- _Work instructions_:
Copy the records below word for word, leaving out nothing.

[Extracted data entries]
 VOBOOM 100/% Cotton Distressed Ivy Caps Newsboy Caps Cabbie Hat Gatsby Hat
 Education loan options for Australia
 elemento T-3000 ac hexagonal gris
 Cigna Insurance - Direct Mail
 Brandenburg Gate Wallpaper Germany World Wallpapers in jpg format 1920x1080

- _Solution_:
 VOBOOM 100/% Cotton Distressed Ivy Caps Newsboy Caps Cabbie Hat Gatsby Hat
 Education loan options for Australia
 elemento T-3000 ac hexagonal gris
 Cigna Insurance - Direct Mail
 Brandenburg Gate Wallpaper Germany World Wallpapers in jpg format 1920x1080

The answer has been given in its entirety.